I fit a logistic regression to predict heart present using predictors Topo and WatrCont, and obtained the following confusion matrix of the train data:

mite_log <- glm(present ~ Topo + WatrCont, data = presence_dat,family = "binomial")
Pred
True
0 1
0 16 5
1 5 44
  • What is the misclassification rate?

    • Misclassification rate: (5 + 5)/70 = 0.143
  • What is the FNR? What is the FPR?

    • FNR: 5/49 = 0.238

    • FPR: 5/21 = 0.102

Threshold

  • Is a false positive or a false negative worse? Depends on the context!

  • The previous confusion matrix was produced by classifying an observation as present if \(\hat{p}(x)=\widehat{\text{Pr}}(\text{present = 1} | \text{Topo, WatrCont}) \geq 0.5\)

    • Here, 0.5 is the threshold for assigning an observation to the “present” class

    • Can change threshold to any value in \([0,1]\), which will affect resulting error rates

Varying threshold

  • Overall error rate minimized at threshold near 0.50

  • How to decide a threshold rate? Is there a way to obtain a “threshold-free” version of model performance?

ROC Curve

  • The ROC curve is a measure of performance for binary classification at various thresholds

    • ROC is a probability curve, and the Area under the curve (AUC) tells us how good the model is at distinguishing between/separating the two classes
  • The ROC curve simultaneously plots the true positive rate TPR on the y-axis against the false positive rate FPR on the x-axis

  • An excellent model has AUC near 1 (i.e. near perfect separability), whereas a terrible model has AUC near 0 (always predicts the wrong class)
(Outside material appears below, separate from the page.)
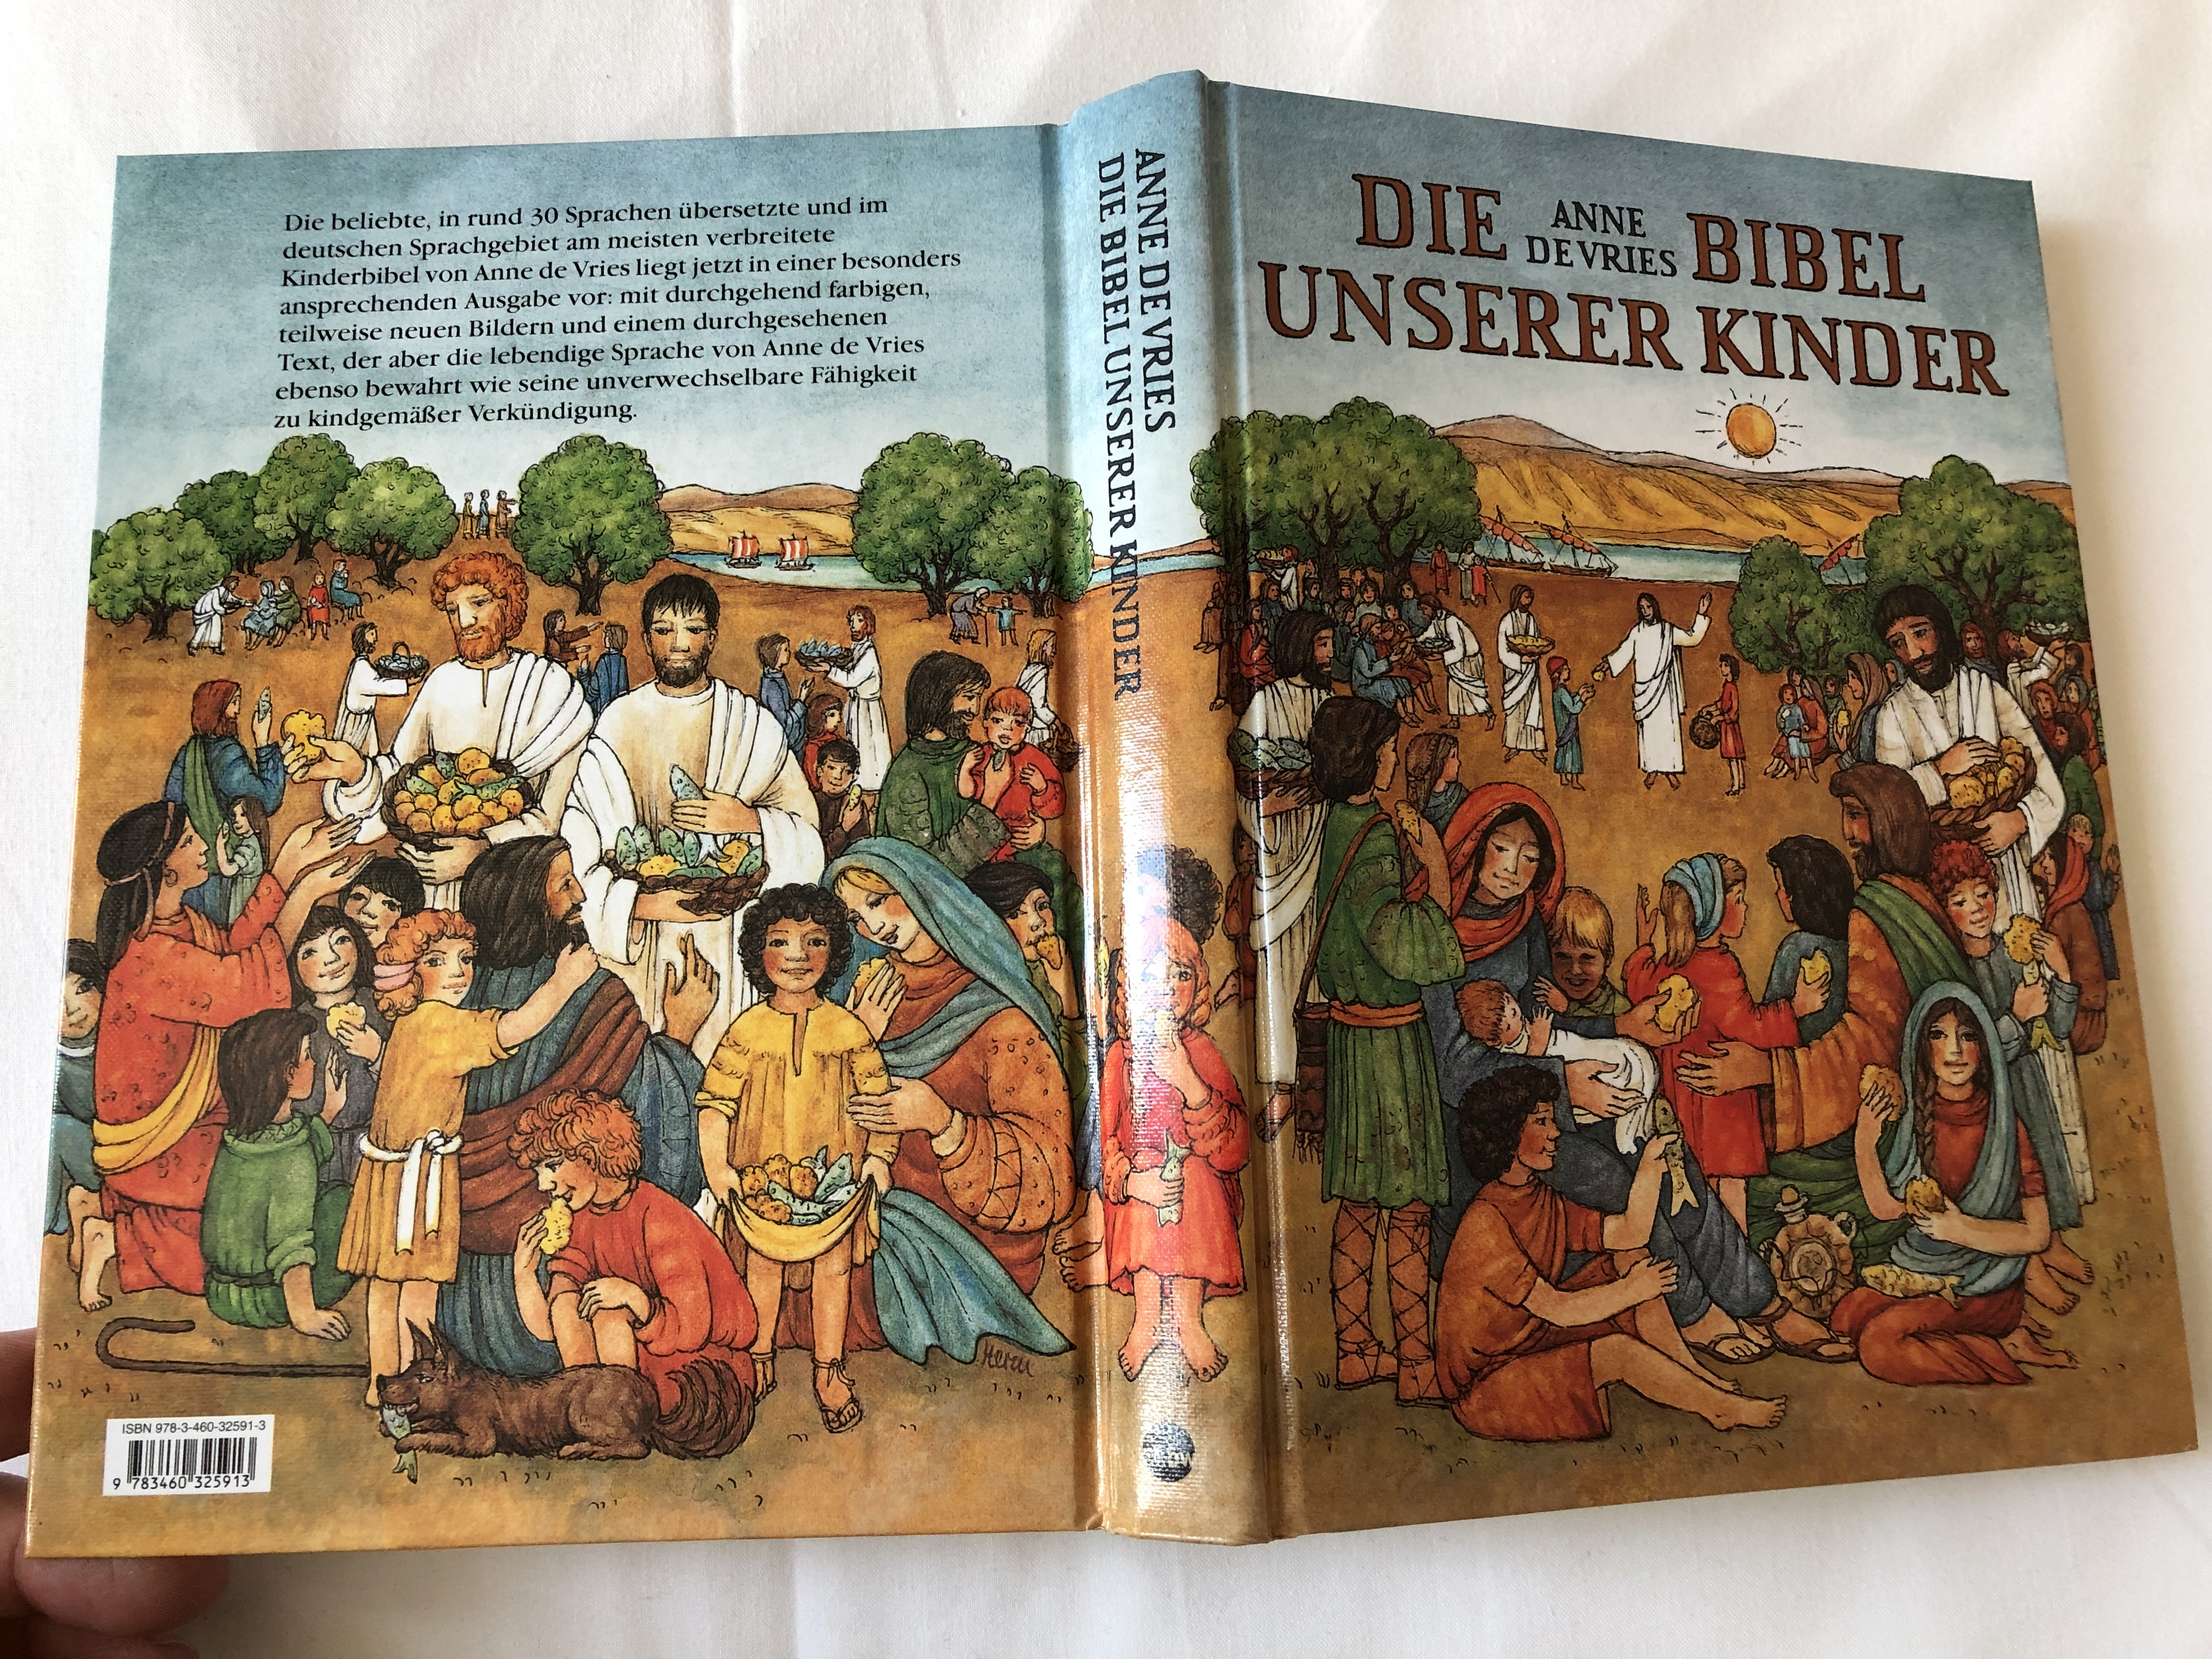 die-bibel-unserer-kinder-by-anne-de-vries-the-bible-of-our-children-german-translation-of-kleutervertelboek-voor-de-bijbelse-geschiedenis-hardcover-kbw-18-.jpg

    • When AUC = 0.5, the model has no ability to separate classes

ROC Curve (cont.)

ROC and AUC for the training data:

  • How do you think we did?

KNN Classification

KNN Classification

  • While logistic regression is nice (and still frequently used), the basic model only accommodates binary responses. What if we have a response with more than two classes?

  • We will now see how we can use KNN for classification

    • Side note: when people refer to KNN, they almost always refer to KNN classification
  • Finding the neighbor sets proceeds exactly the same as in KNN regression! The difference lies in how we predict \(\hat{y}\)

Example: mite data

  • This is a similar plot to that from KNN regression slides, where now points (plotted in standardized predictor space) are colored by present status instead of abundance.

  • Two test points, which we’d like to classify using KNN with \(K = 3\)

How would we classify?

Discuss: which class labels would you predict for test points 1 and 2, and why?

  • Estimated conditional class probabilities \(\hat{p}_{ij}(\mathbf{x}_{i})\) are obtained via simple “majority vote”:
    • \(\hat{p}_{1, \text{present}}(\mathbf{x}_{1}) = \frac{3}{3} = 1\) and \(\hat{p}_{1, \text{absent}}(\mathbf{x}_{1}) = \frac{0}{3} = 0\)
    • \(\hat{p}_{2, \text{present}}(\mathbf{x}_{2}) = \frac{1}{3}\) and \(\hat{p}_{2, \text{absent}}(\mathbf{x}_{2}) = \frac{2}{3}\)

Beyond two classes

  • KNN classification is easily extended to more than two classes!

  • We still follow the majority vote approach: simply predict the class that has the highest representation in the neighbor set

  • palmerPenguins data: size measurements for adult foraging Adélie, Chinstrap, and Gentoo penguins

  • We will classify penguin species by size measurements!

KNN classification: different K

  • What class would you predict for the test point when \(K = 9\)?
  • What class would you predict for the test point when \(K = 5\)?

Handling ties

  • An issue we may encounter in KNN classification is a tie

    • It is possible that no single class is a majority!
  • Discuss: how would you handle ties in the neighbor set?